Work to complete:
Each line from the one holding "Photo: A picture" to the last line below must be restated word for word, and no picture may be included.

Supplied data:
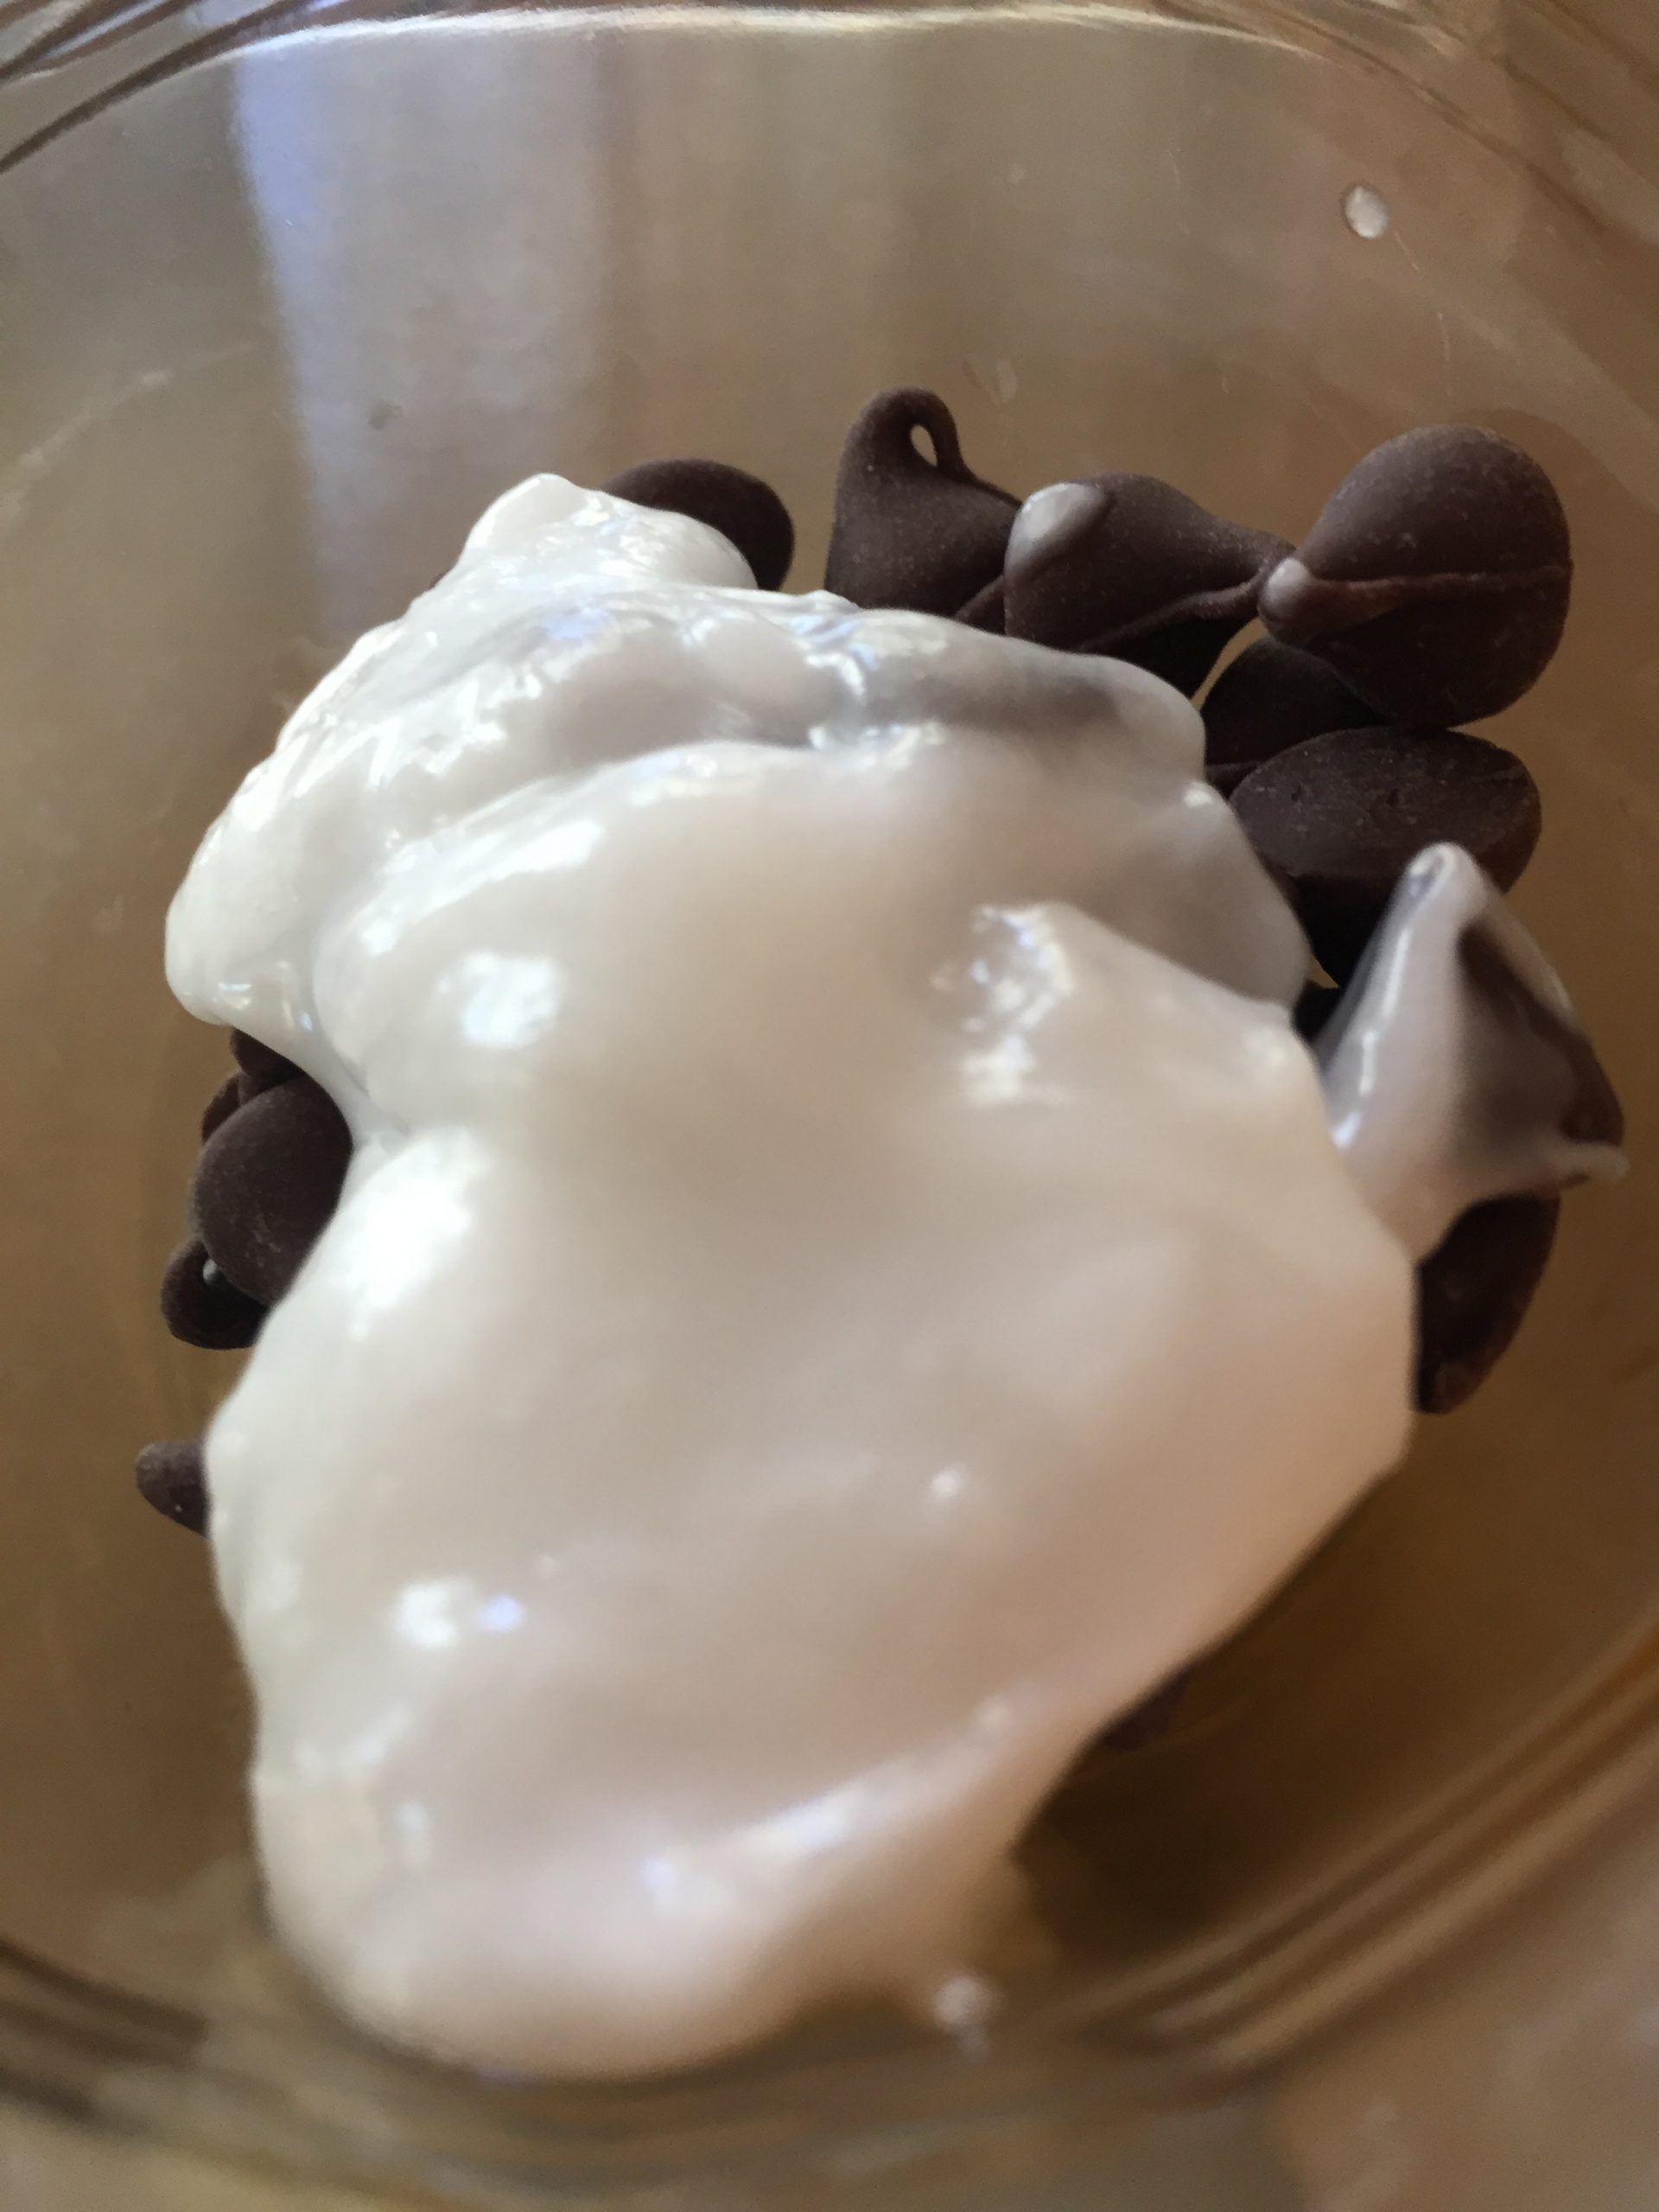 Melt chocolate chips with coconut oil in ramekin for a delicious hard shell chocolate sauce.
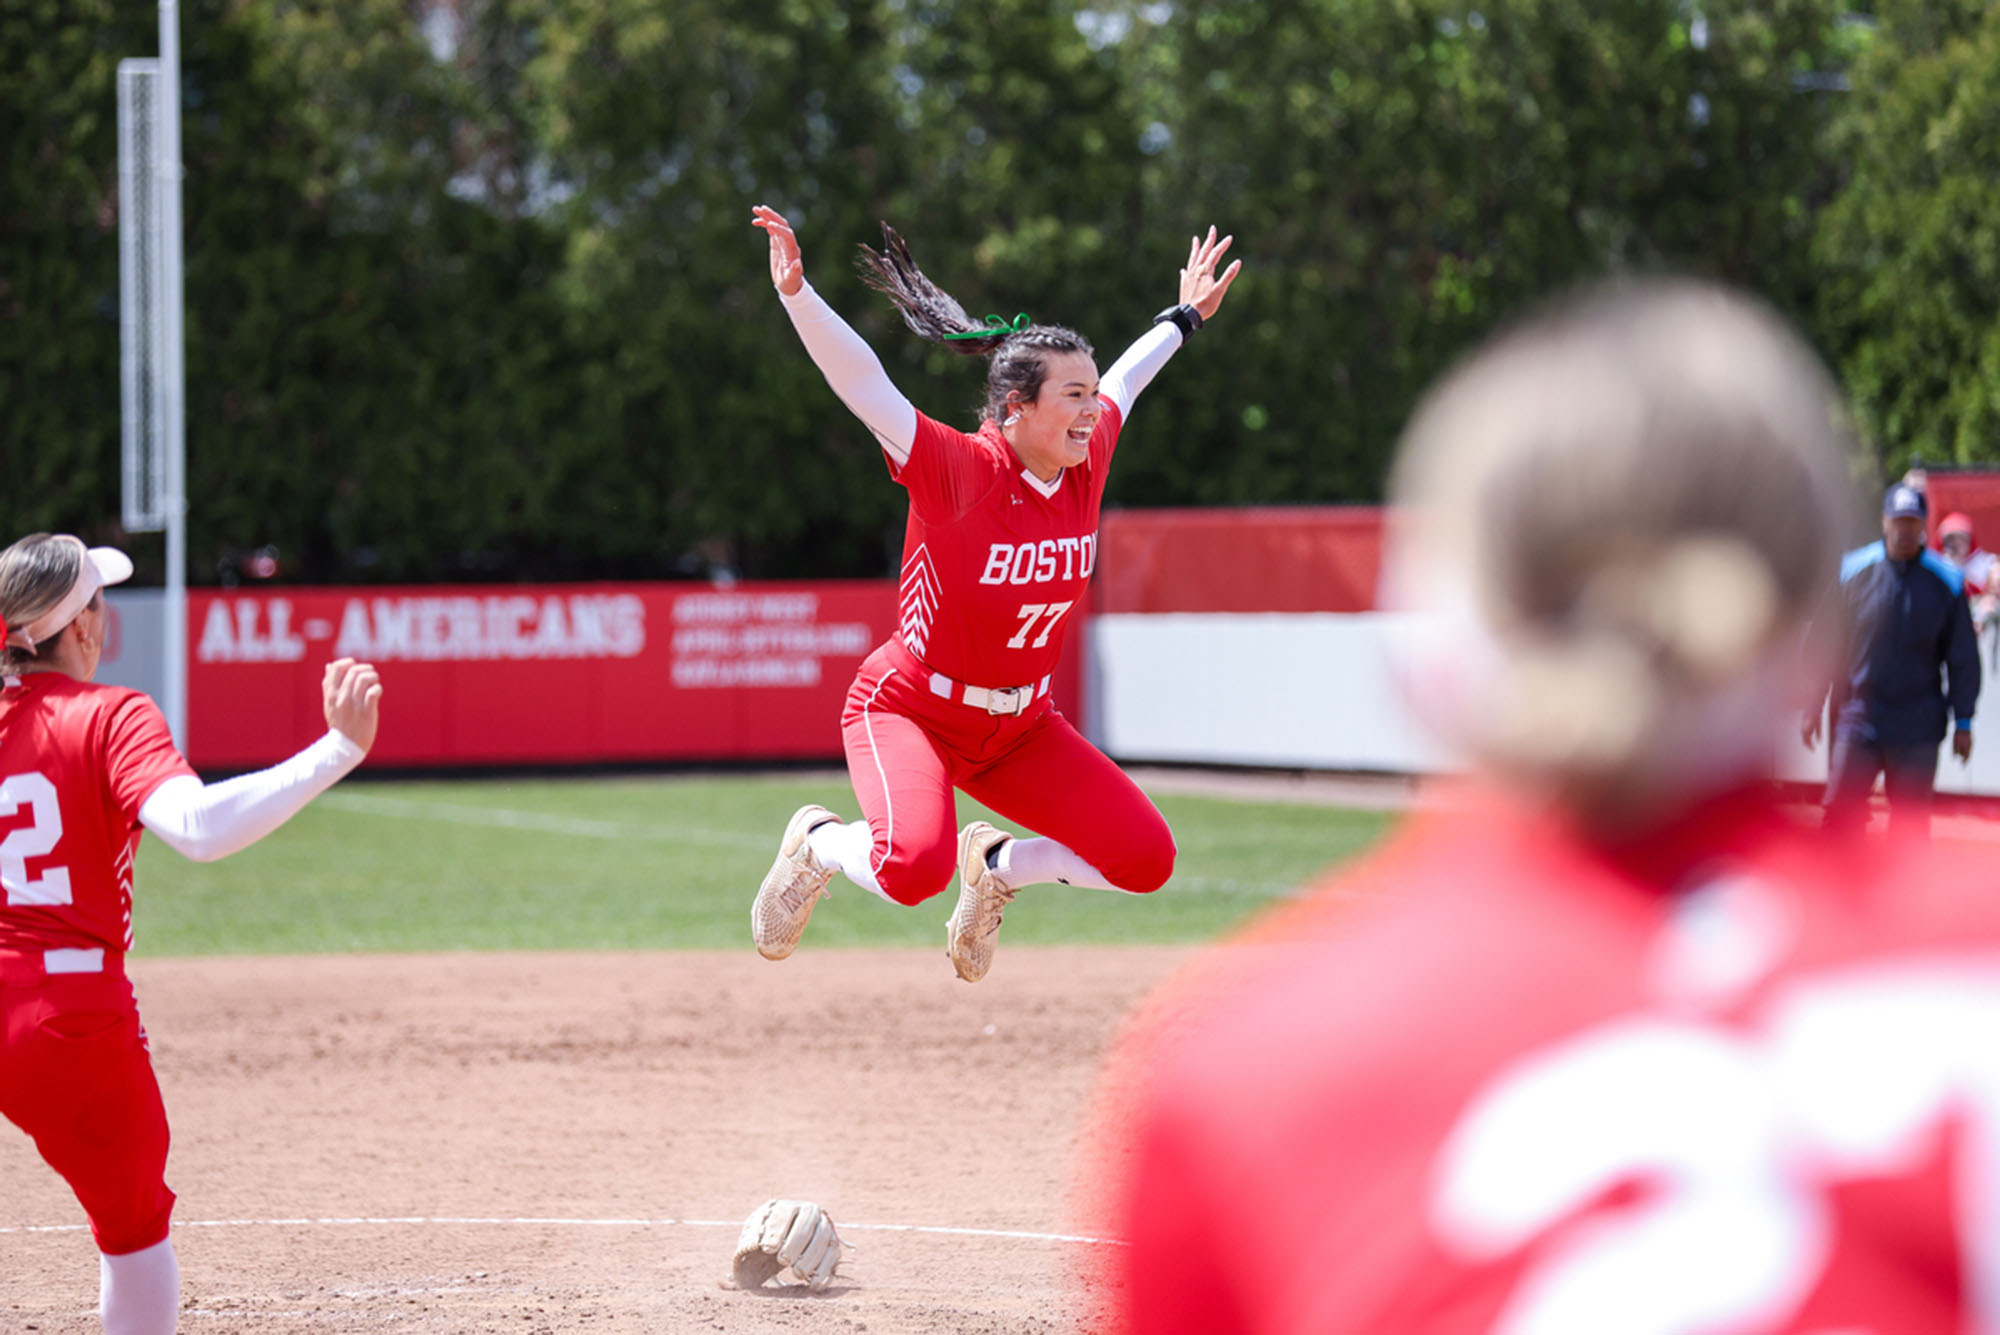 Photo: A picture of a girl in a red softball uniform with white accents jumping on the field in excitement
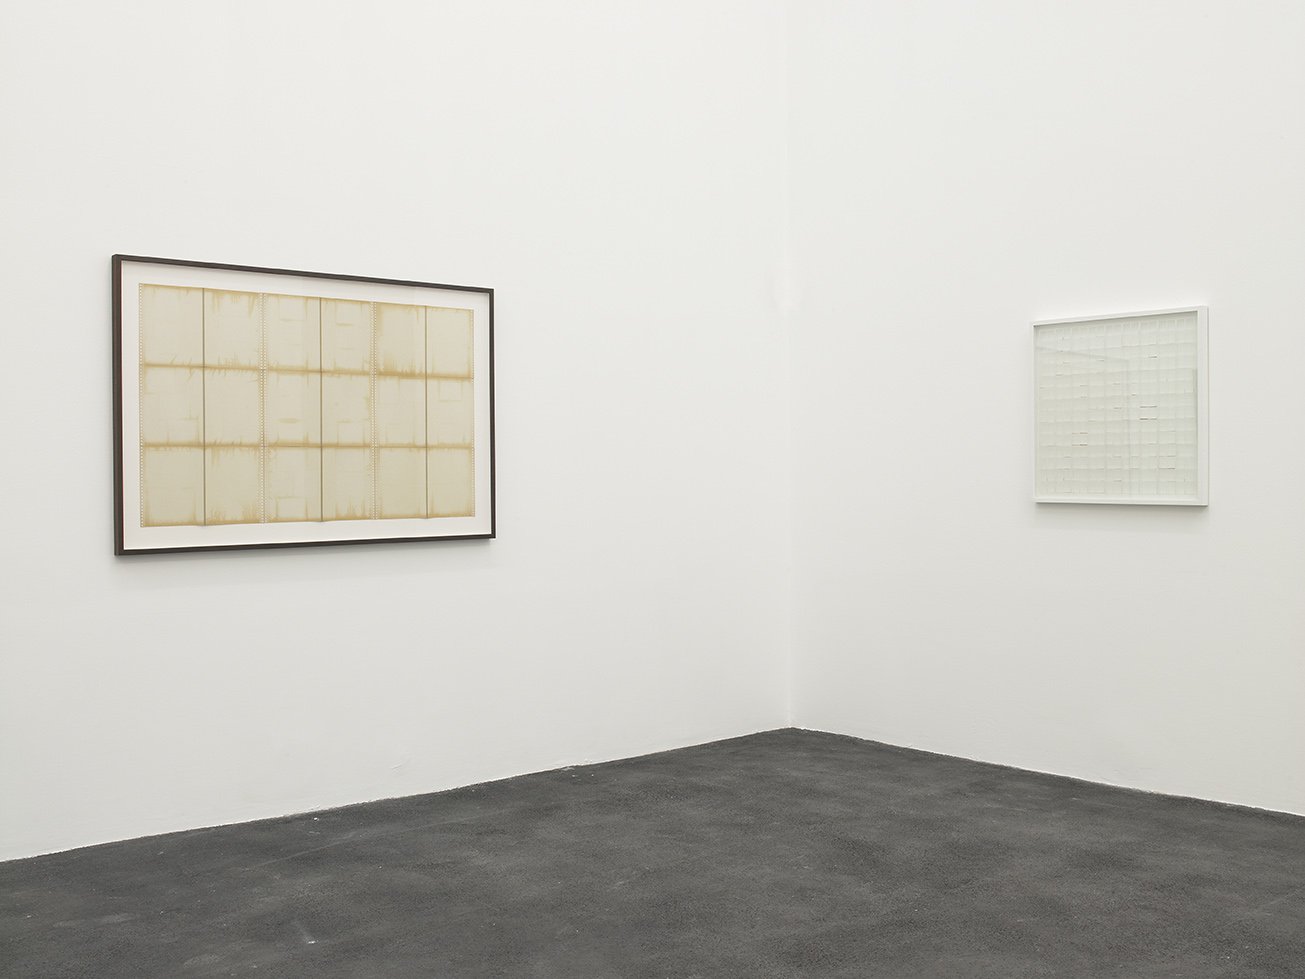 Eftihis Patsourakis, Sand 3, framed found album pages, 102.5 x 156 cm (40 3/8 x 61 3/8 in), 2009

Task result:
 Photo: A picture of a girl in a red softball uniform with white accents jumping on the field in excitement
 Eftihis Patsourakis, Sand 3, framed found album pages, 102.5 x 156 cm (40 3/8 x 61 3/8 in), 2009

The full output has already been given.